The following schema is registered with Schema Registry:
{
"namespace": "example.avro",
"type": "record",
"name": "User",
"fields": [
{ "name": "user_name", "type": "string" },
{ "name": "user_score", "type": ["int", "null"] },
{ "name": "user_id", "type": ["string", "null"] }
]
}
The application commits the transaction data to Event Hub at the end:
with eventhub_producer, avro_serializer:
send_event_data_batch(eventhub_producer, avro_serializer)
And the following confirmation message is seen after each transaction is sent:
We also see the registered schema in Schema Registry:
Consumer(s)
Now on the Consumer side, we begin both pipelines by first defining the property object props
containing our Schema Registry endpoint and Service Principal information - for authenticating with Schema Registry:
val props: HashMap[String, String] = new HashMap()
props.put("schema.registry.url", "http://<your-event-hub>.servicebus.windows.net")
props.put("schema.registry.tenant.id", "<your-azure-ad-tenant-id>")
props.put("schema.registry.client.id", "<your-client-id>")
props.put("schema.registry.client.secret", "<your-client-secret>")
For Consumer 1 we initiate the Spark Dataframe using the Event Hub configuration:
val connectionString = ConnectionStringBuilder("Endpoint=sb://<your-event-hub>.servicebus.windows.net/;SharedAccessKeyName=<name>;SharedAccessKey=<your-access-key>;EntityPath=<your-topic>")

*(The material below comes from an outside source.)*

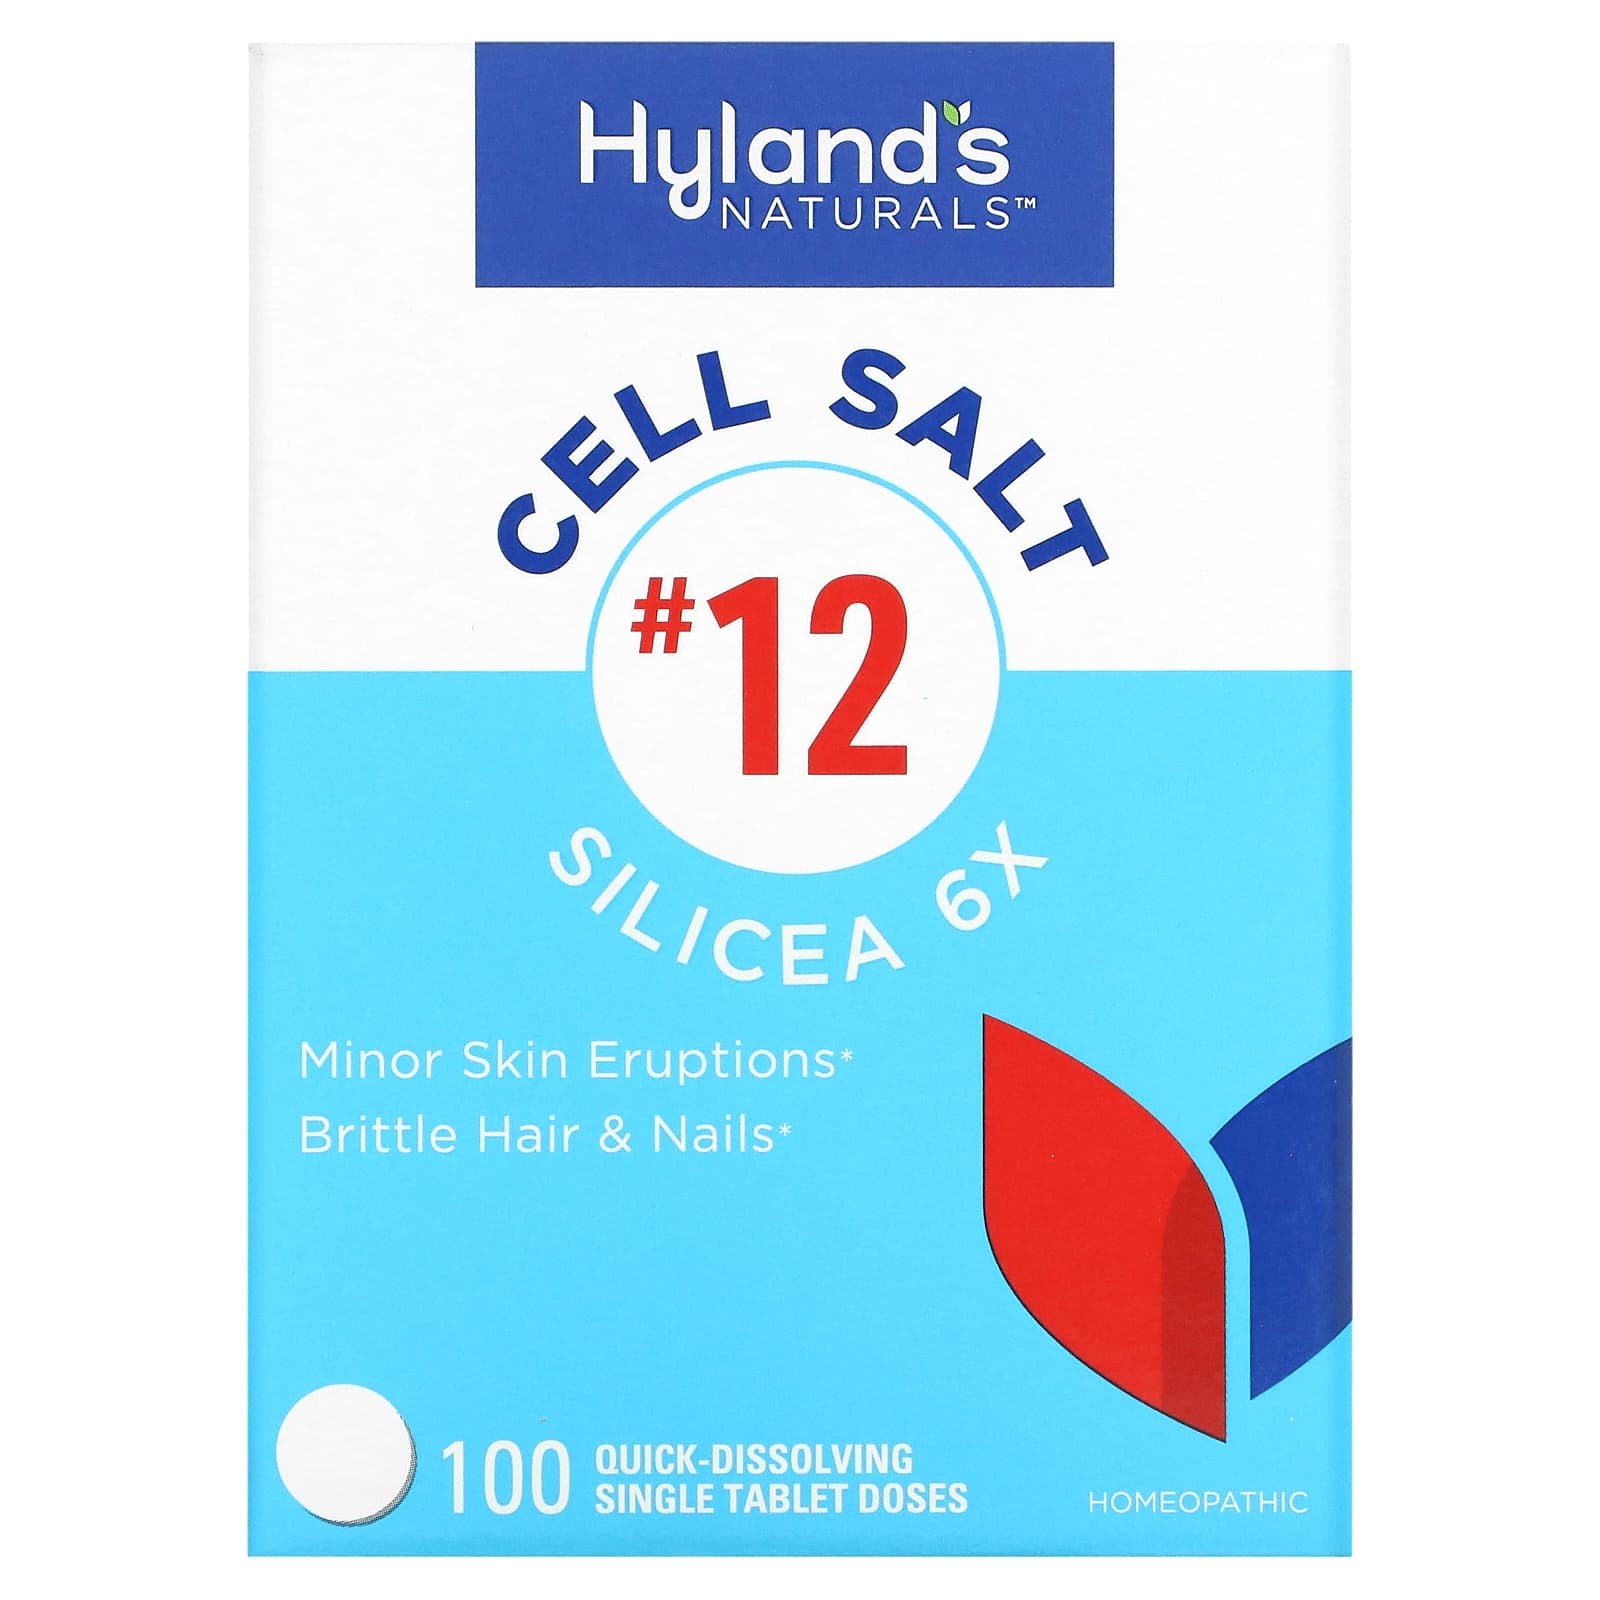 Клеточная Соль №12 / Силицея 6X Hyland's, 100 быстрорастворимых таблеток клеточная соль 6 калий фосфат 6x hyland s 100 быстрорастворимых таблеток

.setEventHubName("<your-topic>")
.build
val eventHubsConf = EventHubsConf(connectionString)
.setStartingPosition(EventPosition.fromStartOfStream)
val df = spark.readStream
.format("eventhubs")
.options(eventHubsConf.toMap)
.load()
And for Consumer 2 we leverage standard Kafka syntax:
val df = spark.readStream
.format("kafka")
.option("subscribe", TOPIC)
.option("kafka.bootstrap.servers", BOOTSTRAP_SERVERS)
.option("kafka.sasl.mechanism", "PLAIN")
.option("kafka.security.protocol", "SASL_SSL")
.option("kafka.sasl.jaas.config", EH_SASL)
.option("kafka.request.timeout.ms", "60000")
.option("kafka.session.timeout.ms", "60000")
.option("failOnDataLoss", "false")
.option("startingOffsets", "earliest")
.load()
In both cases, this defines our connection to the Data Event Hub, as the Dataframe df
.
Once that's done, we deserialize avro
data from the Event Hub using the from_avro()
function, connecting to our Schema Registry via the props
object we defined earlier:
// Event Hub
val parsed_df = df.select(from_avro($"body", "<your-schema-guid>", props))
// Kafka
val parsed_df = df.select(from_avro($"value", "<your-schema-guid>", props))
Spark is able to immediately pull in the schema from Schema Registry and define the Dataframe schema:
And we can display our streaming data using the Databricks display(df)
command.
We demonstrate both Consumer 1 (left) and Consumer 2 (right) here side by side, while generating events with our Producer application (not shown):
Wrap Up
We explored the convenience and robustness of using Azure Schema Registry in data pipelines, and the flexibility of being able to leverage both the Event Hub native connector and Kafka surface in a Spark application using the from_avro()
function for deserializing messages.